▸ Aim of the exercise: Line by line, please look for the word "Deutschland" in the following records, then copy each line you find it in.

Items listed in a dataset
——————

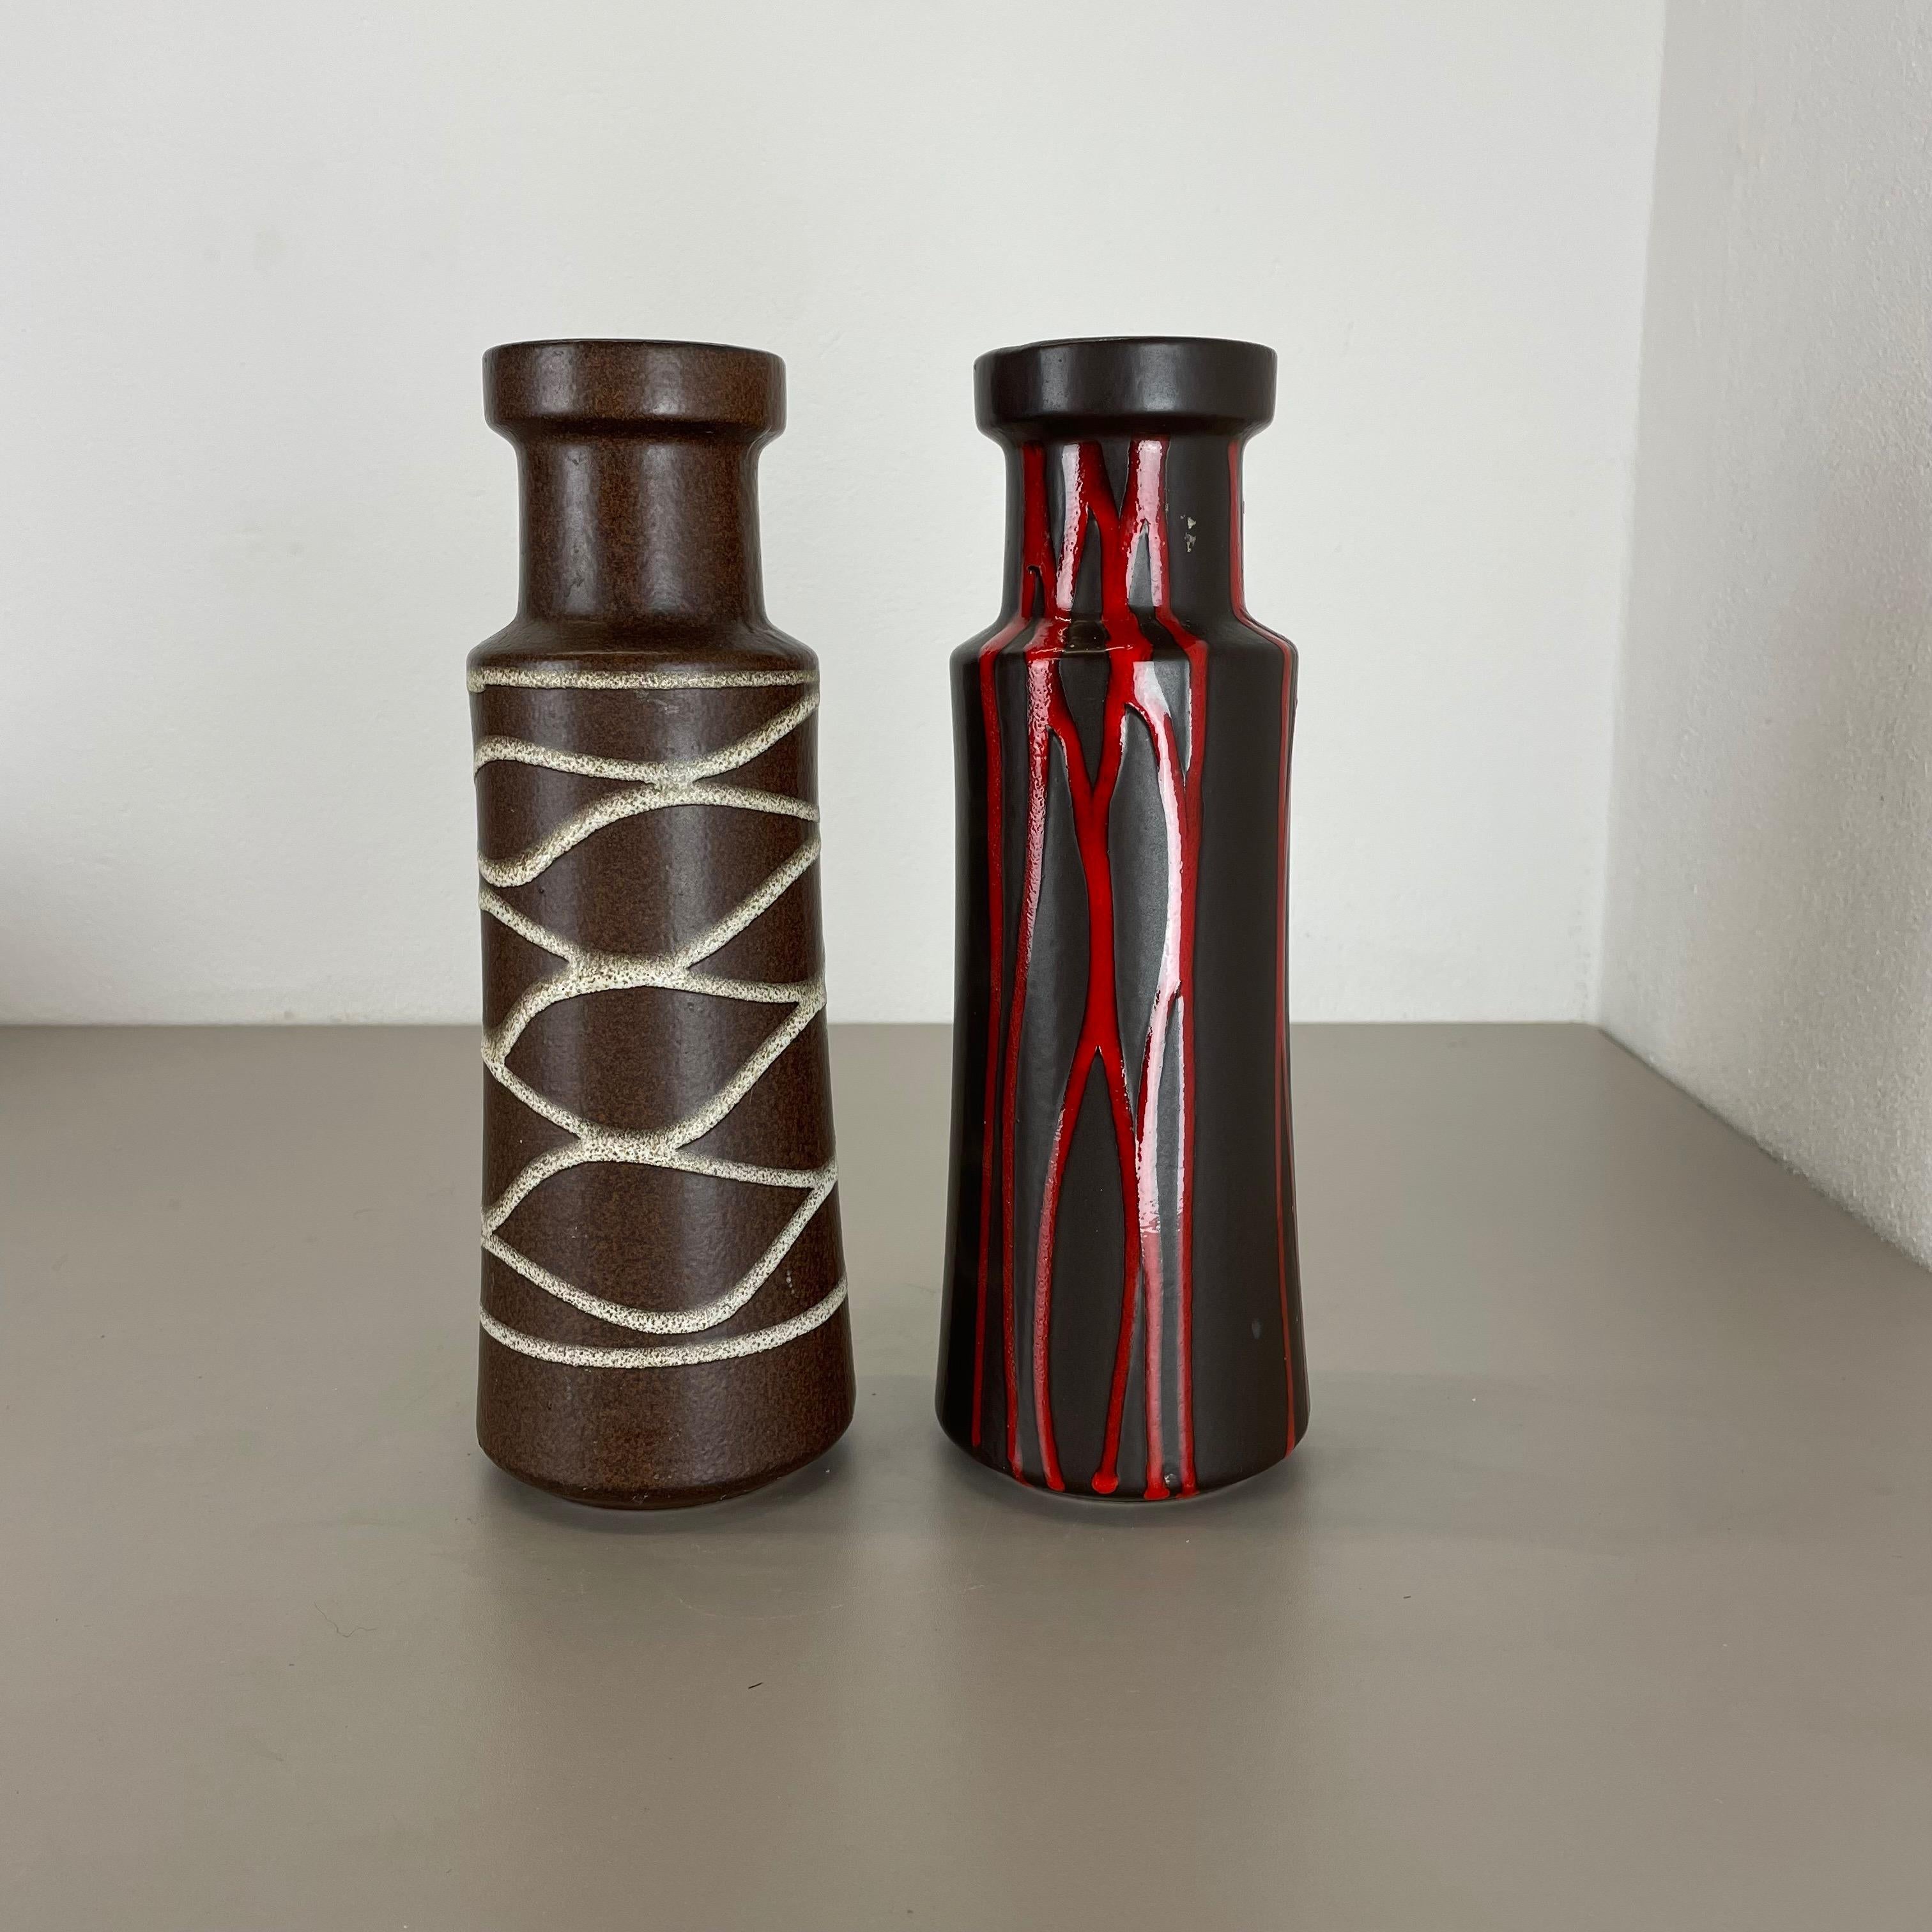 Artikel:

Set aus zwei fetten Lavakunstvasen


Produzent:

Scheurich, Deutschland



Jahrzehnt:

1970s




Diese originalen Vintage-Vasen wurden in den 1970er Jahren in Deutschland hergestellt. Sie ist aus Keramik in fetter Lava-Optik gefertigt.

——————

▸ Exercise answer:
Scheurich, Deutschland
Diese originalen Vintage-Vasen wurden in den 1970er Jahren in Deutschland hergestellt. Sie ist aus Keramik in fetter Lava-Optik gefertigt.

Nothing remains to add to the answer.